For more information, refer to the Parquet design document and Issue 1480. Additionally, there is now a Parquet v3 design document.
Considerations
The Parquet block format is enabled by default since Tempo 2.0.
If you install using the Tempo Helm charts, then Parquet is enabled by default. No data conversion or upgrade process is necessary. As soon as a block format is enabled, Tempo starts writing data in that format, leaving existing data as-is.
Block formats based on Parquet require more CPU and memory resources than the previous v2
format but provide search and TraceQL functionality.
Choose a different block format
The default block format is vParquet4
, which is the latest iteration of the Parquet-based columnar block format in Tempo.
vParquet4 introduces new columns which enable querying for data in array attributes as well as events and links.
For more information, refer to Dedicated attribute columns.
You can still use the previous format vParquet3
.
To enable it, set the block version option to vParquet3
in the Storage section of the configuration file.
# block format version. options: v2, vParquet2, vParquet3, vParquet4
[version: vParquet4]
In some cases, you may choose to disable Parquet and use the old v2
block format.
Using the v2
block format disables all forms of search, but also reduces resource consumption, and may be desired for a high-throughput cluster that doesn’t need these capabilities.

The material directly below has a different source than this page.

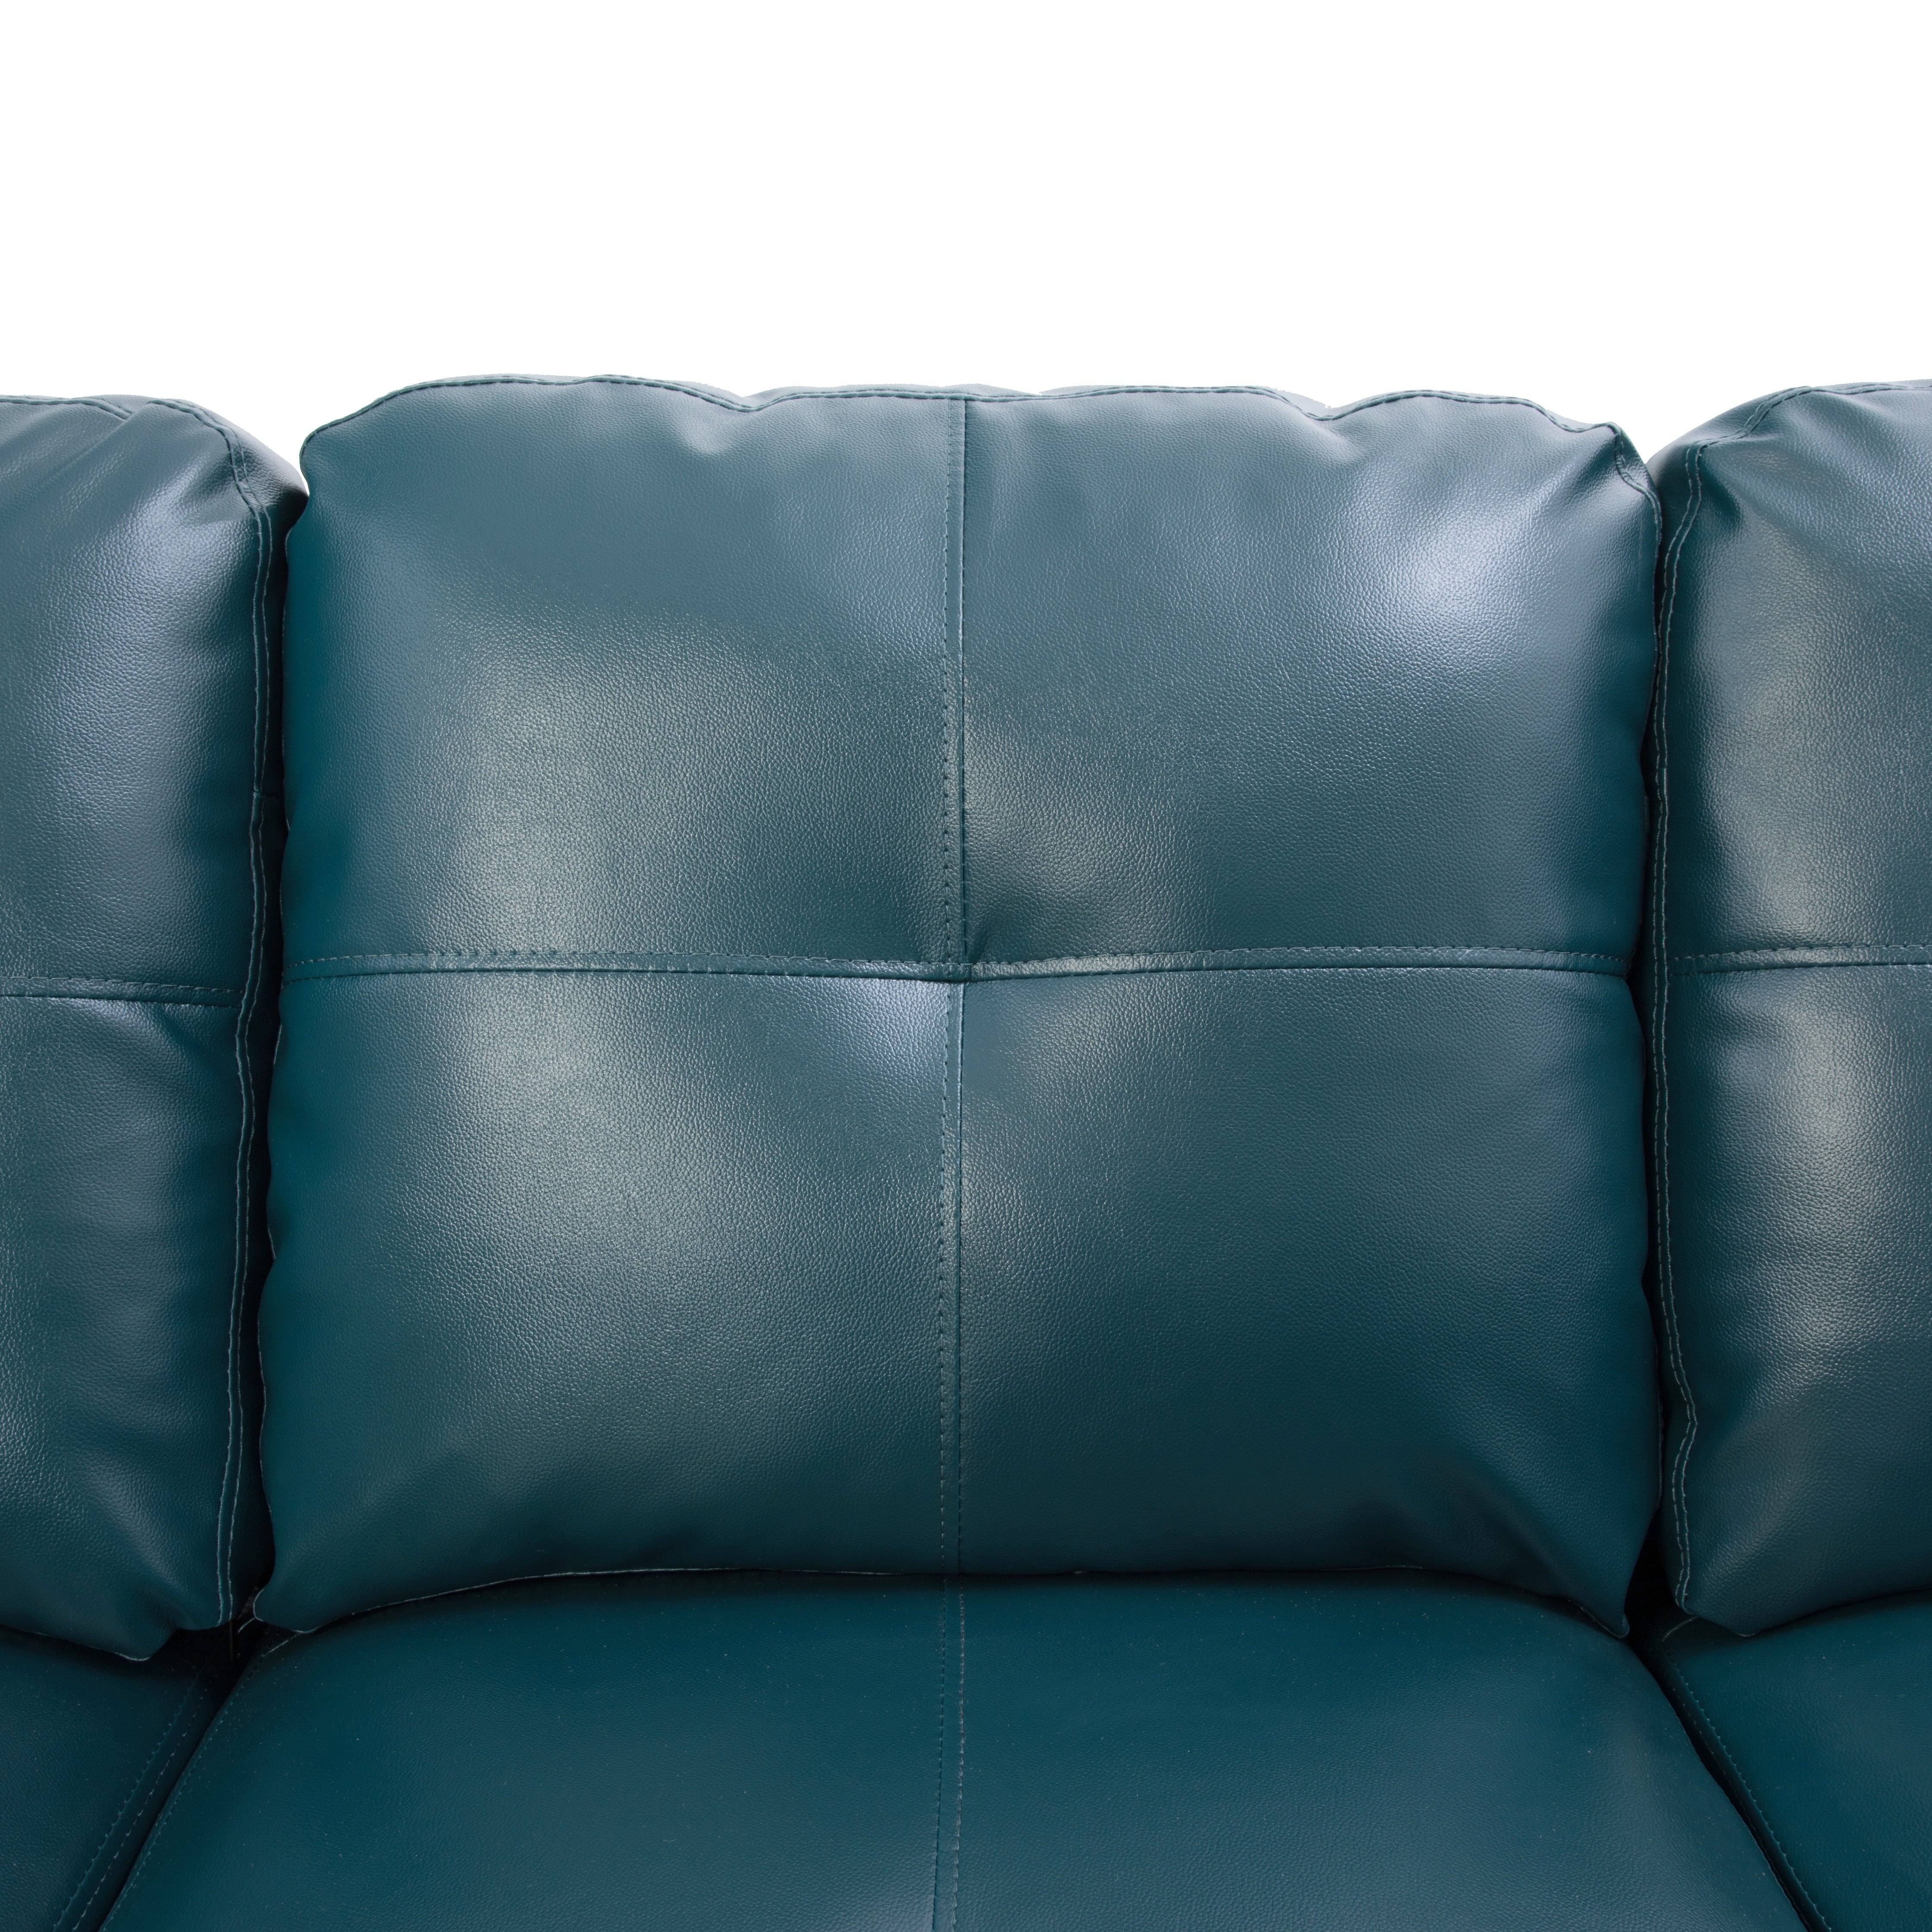 Ainehome Denim L-Shape Leather Combo Sofa Set

To make this change, set the block version option to v2
in the Storage section of the configuration file.
# block format version. options: v2, vParquet2, vParquet3, vParquet4
[version: v2]
To re-enable the default vParquet4
format, remove the block version option from the Storage section of the configuration file or set the option to vParquet4
.
Parquet configuration parameters
Some parameters in the Tempo configuration are specific to Parquet. For more information, refer to the storage configuration documentation.
Trace search parameters
These configuration options impact trace search.
Parameter | Default value | Description |
---|---|---|
[read_buffer_size_bytes: <int>] | 10485676 | Size of read buffers used when performing search on a vParquet block. This value times the read_buffer_count is the total amount of bytes used for buffering when performing search on a Parquet block. |
[read_buffer_count: <int>] | 32 | Number of read buffers used when performing search on a vParquet block. This value times the read_buffer_size_bytes is the total amount of bytes used for buffering when performing search on a Parquet block. |
The cache_control
section contains the follow parameters for Parquet metadata objects:
Parameter | Default value | Description |
---|---|---|
[footer: | false | Specifies if the footer should be cached |
[column_index: <bool> | default = false] | false | Specifies if the column index should be cached |
[offset_index: <bool> | default = false] | false | Specifies if the offset index should be cached |